The data ::
>>>
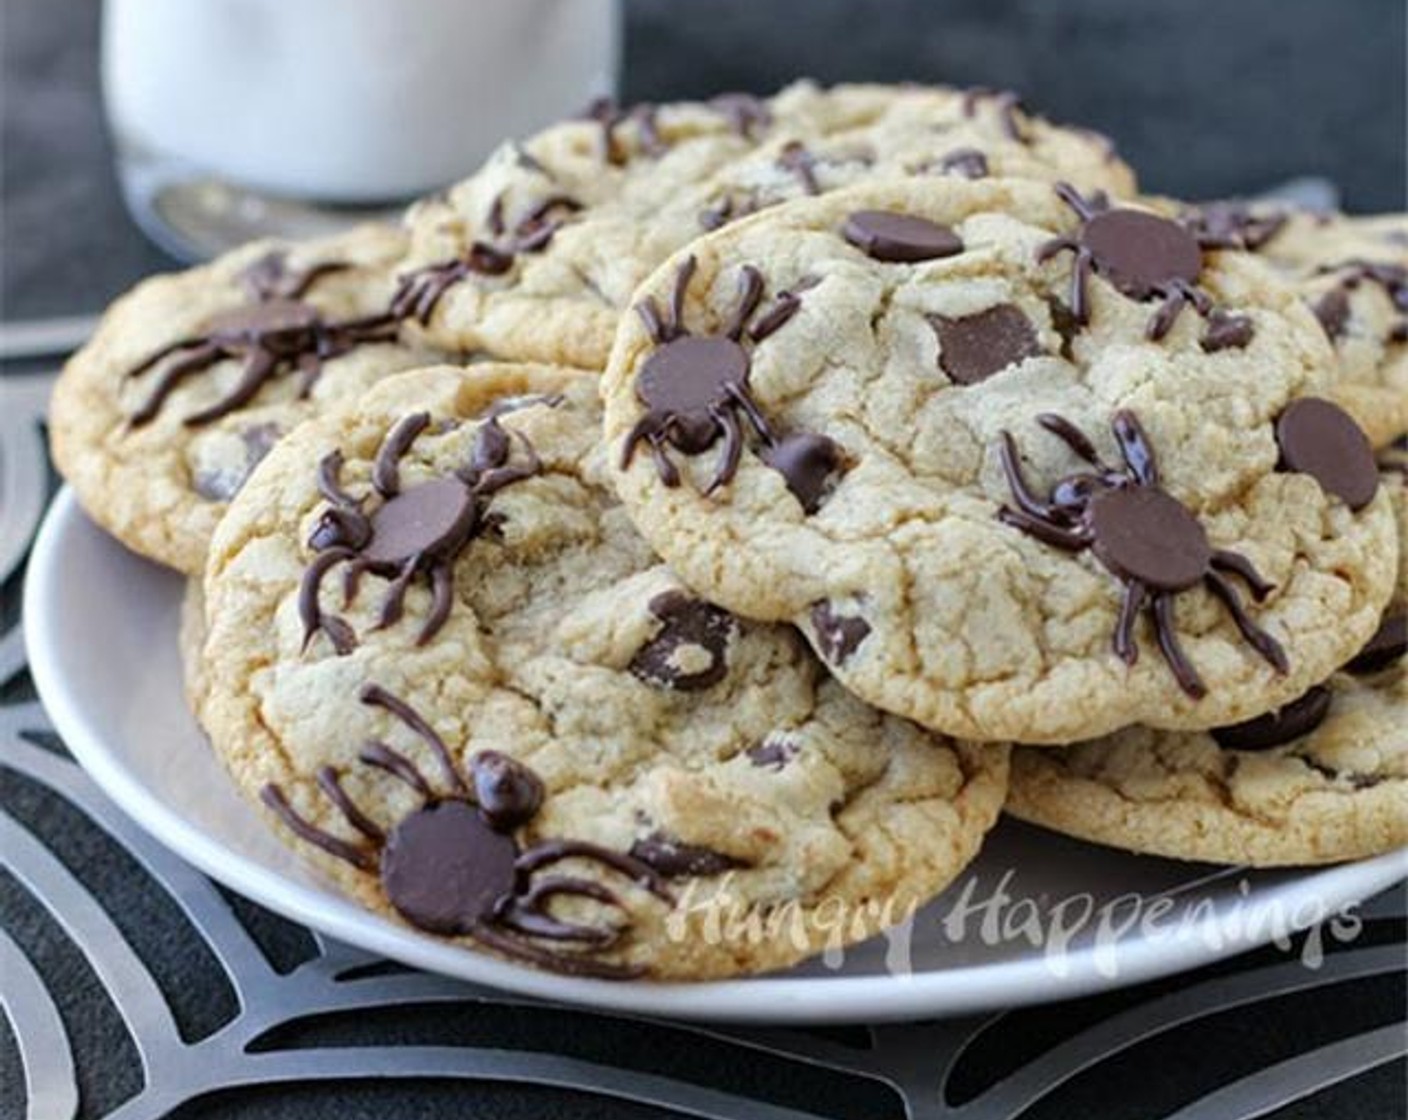 Spider-Infested Chocolate Chip Cookies
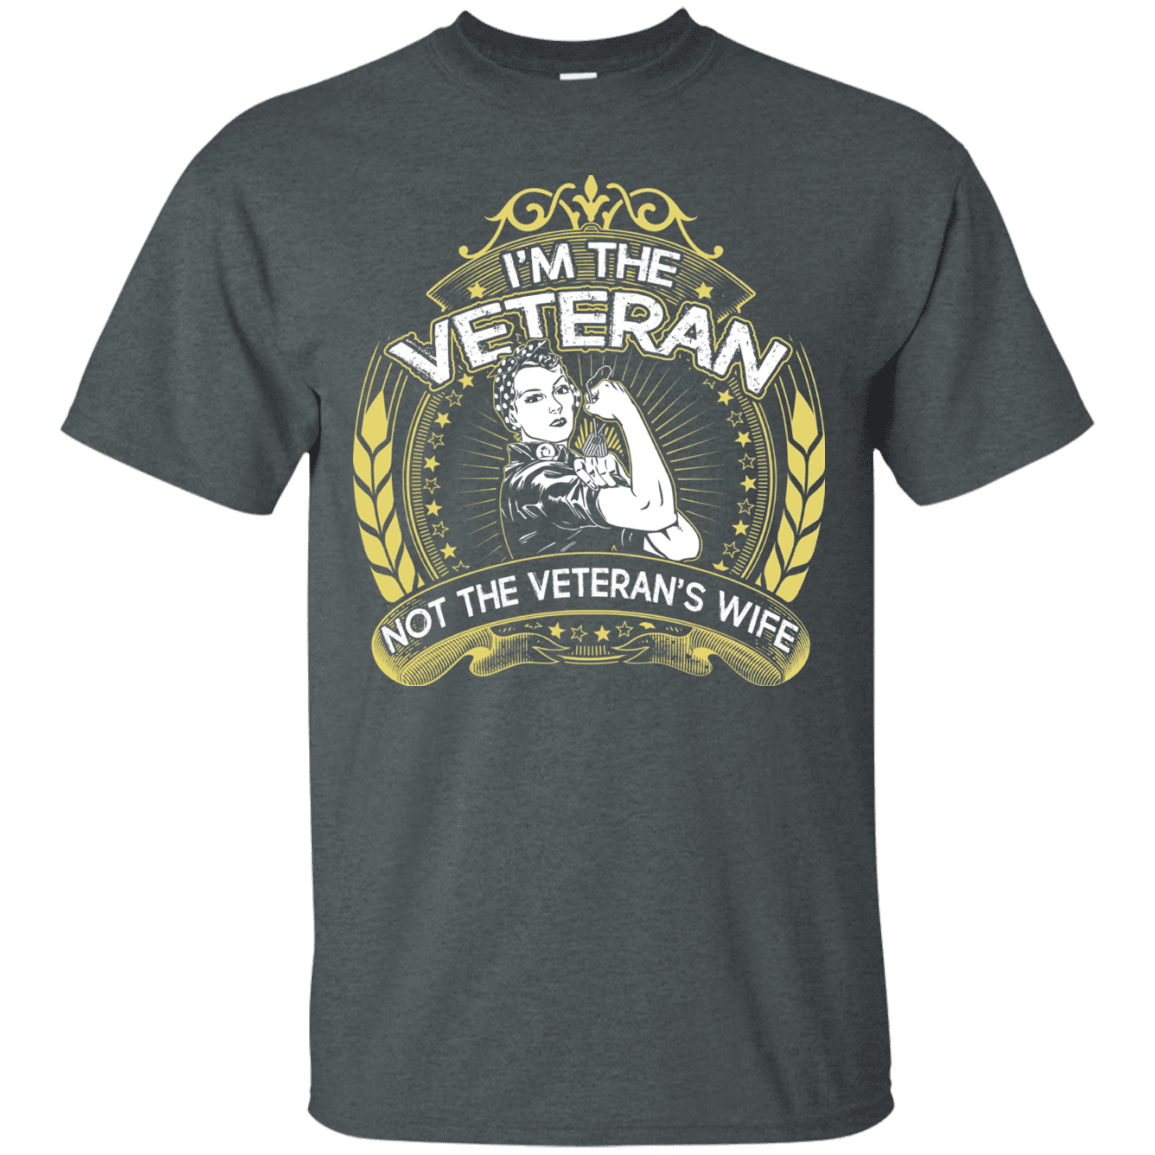 Military T-Shirt "I AM THE VETERAN AND NOT THE VETERAN'S WIFE"-TShirt-General-Veterans Nation
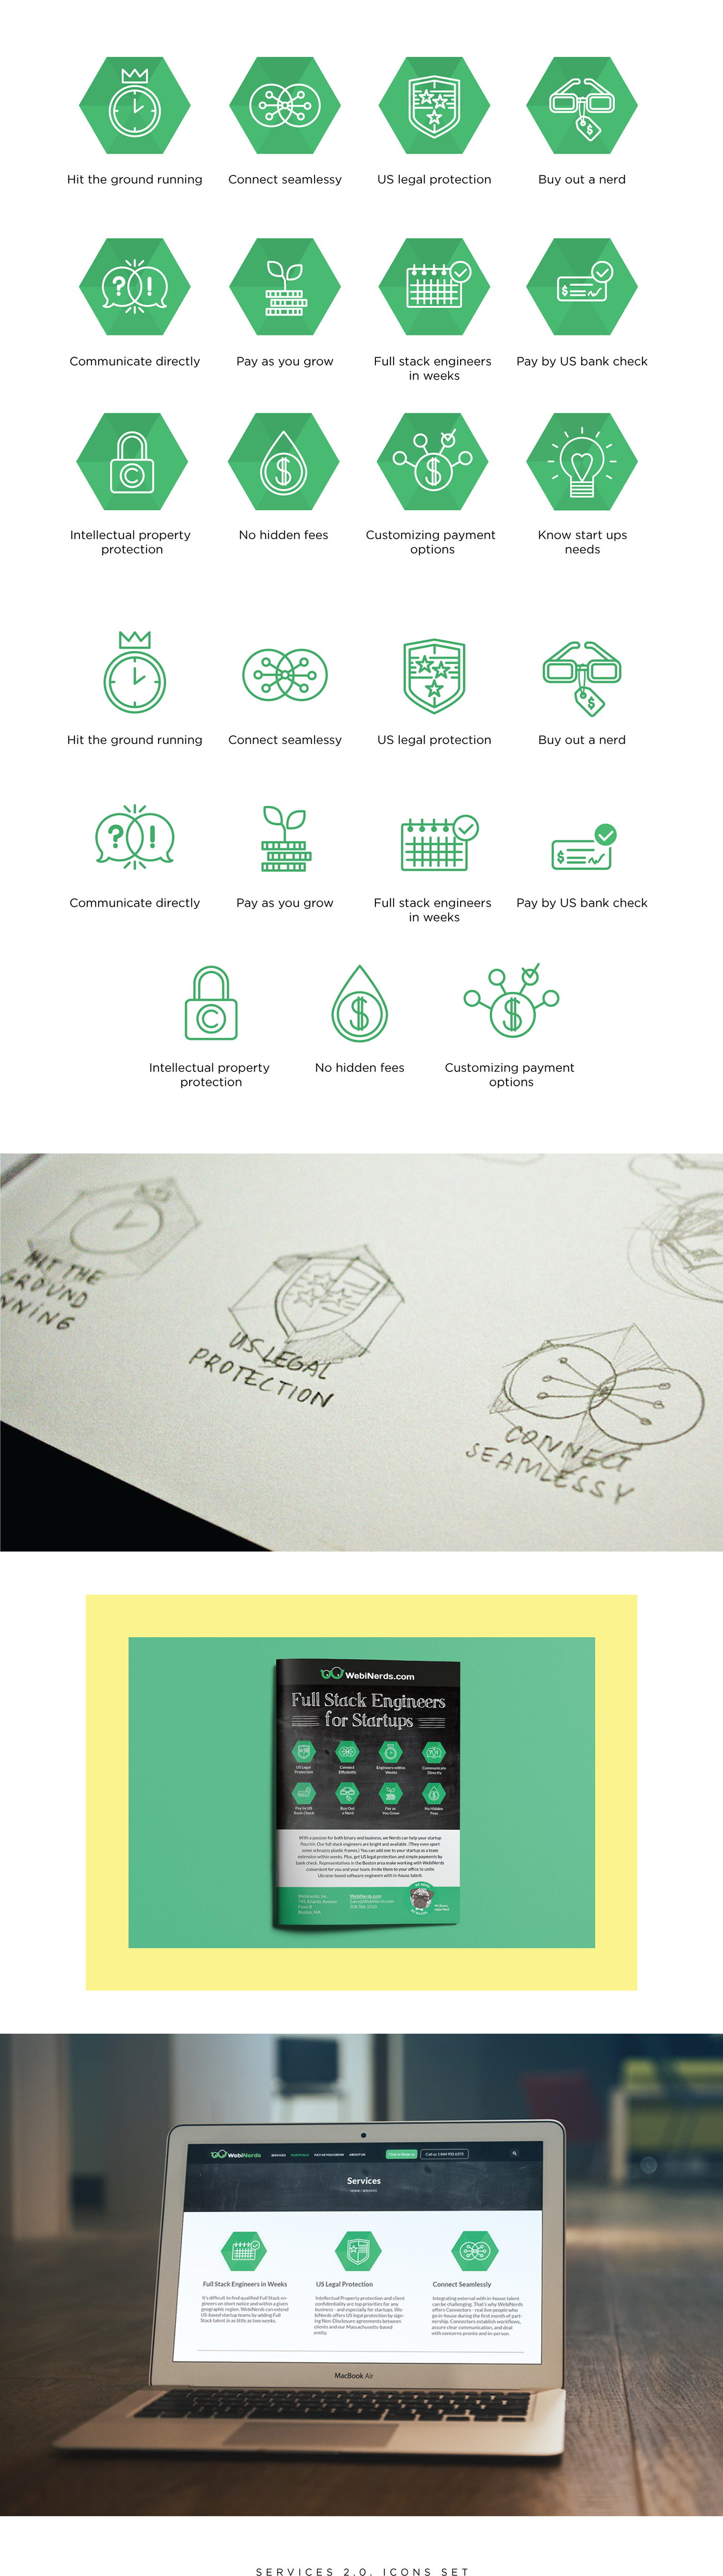 icons vector icons uiux graphic design  Outline Icons vector graphics
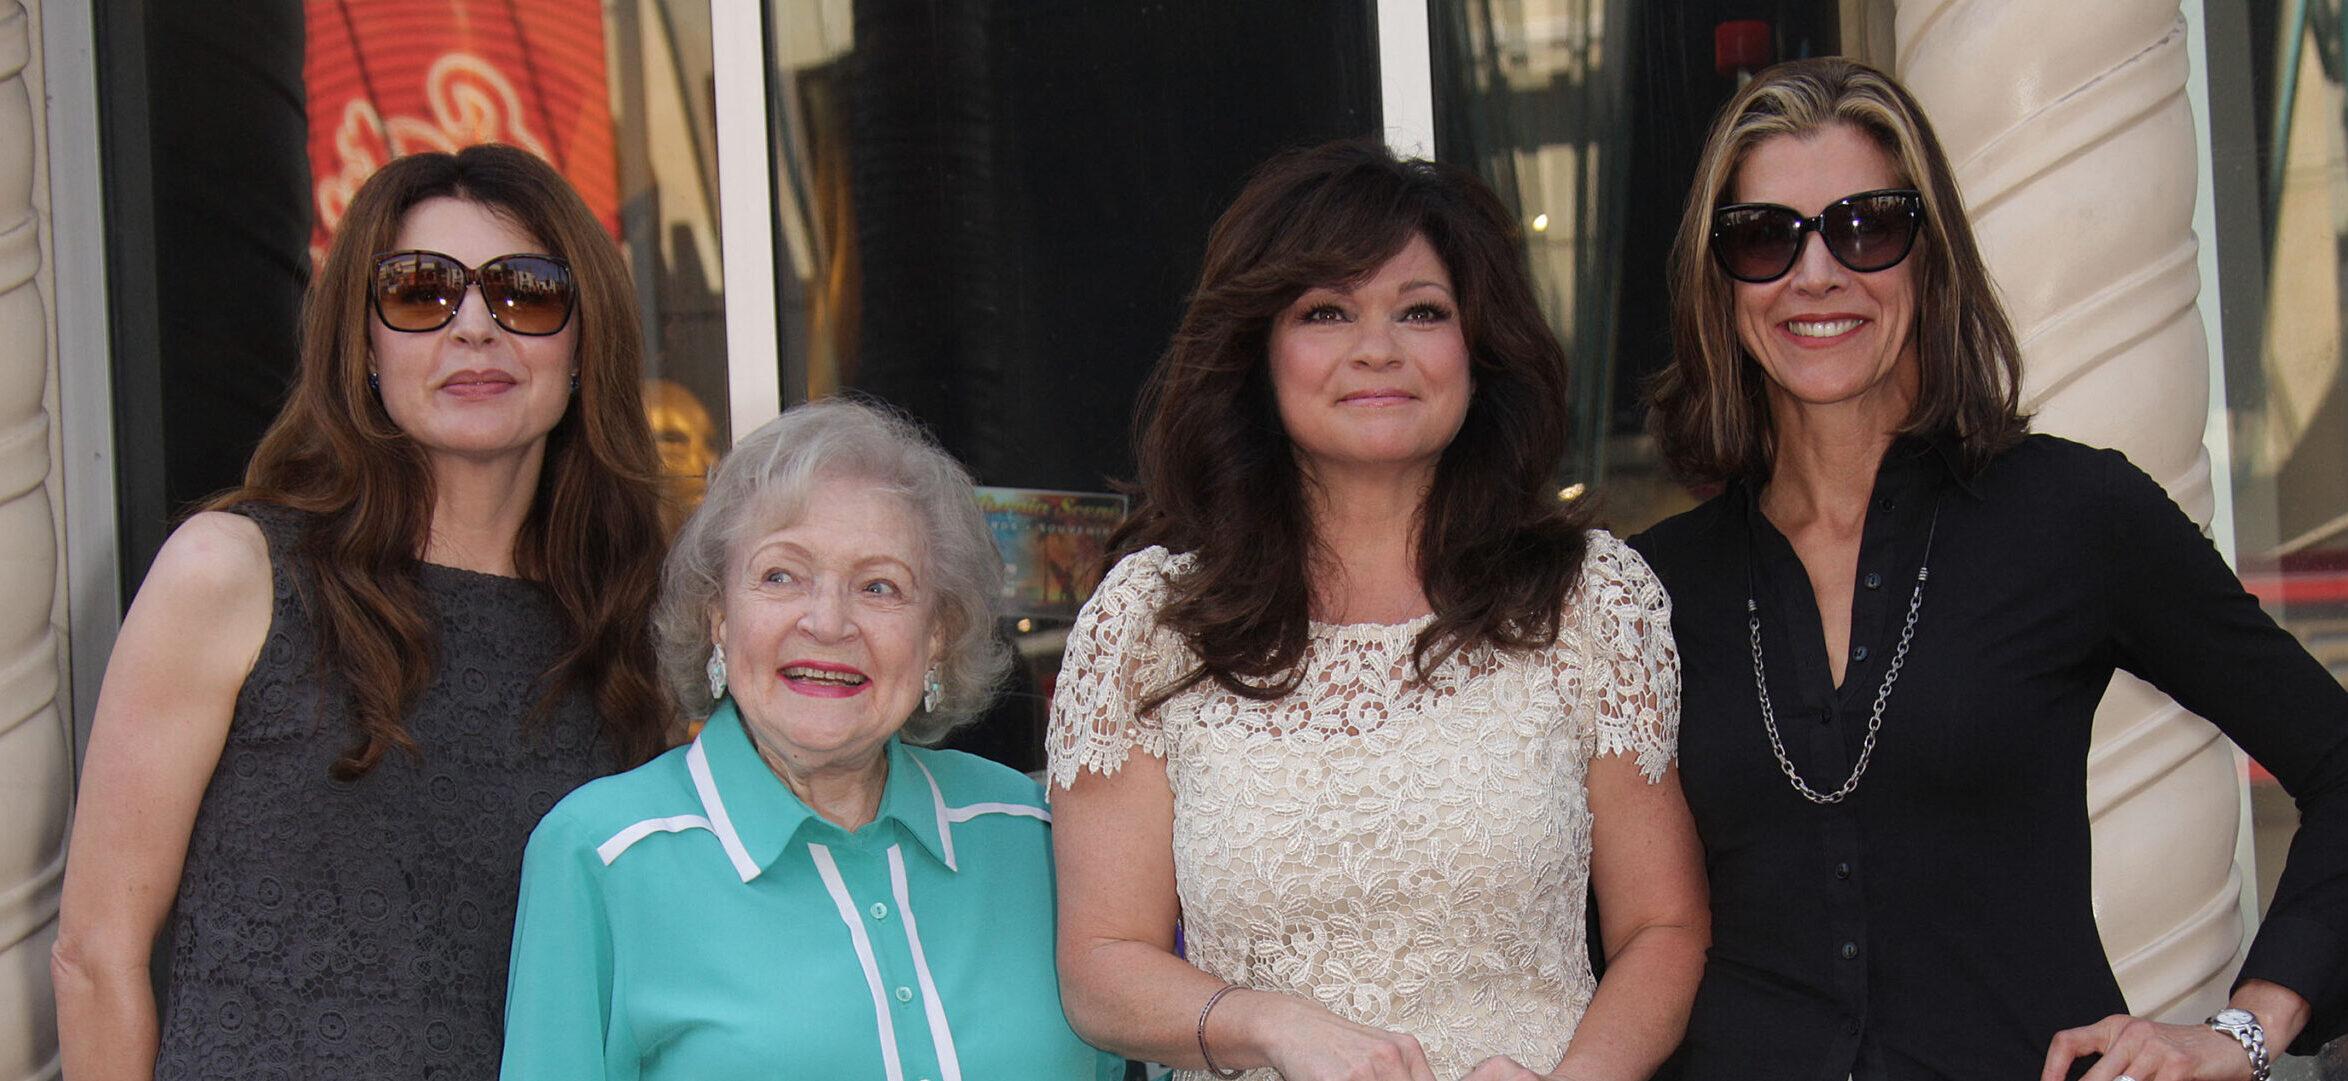 Valerie Bertinelli Dedicates Final Episode Of Cooking Show To Betty White As Fans Beg To Keep Her On
<<<
Requirement :: Could you transcribe all of the data exactly and omit the pictures?

Reply ::
 Spider-Infested Chocolate Chip Cookies
 Military T-Shirt "I AM THE VETERAN AND NOT THE VETERAN'S WIFE"-TShirt-General-Veterans Nation
 icons vector icons uiux graphic design  Outline Icons vector graphics
 Valerie Bertinelli Dedicates Final Episode Of Cooking Show To Betty White As Fans Beg To Keep Her On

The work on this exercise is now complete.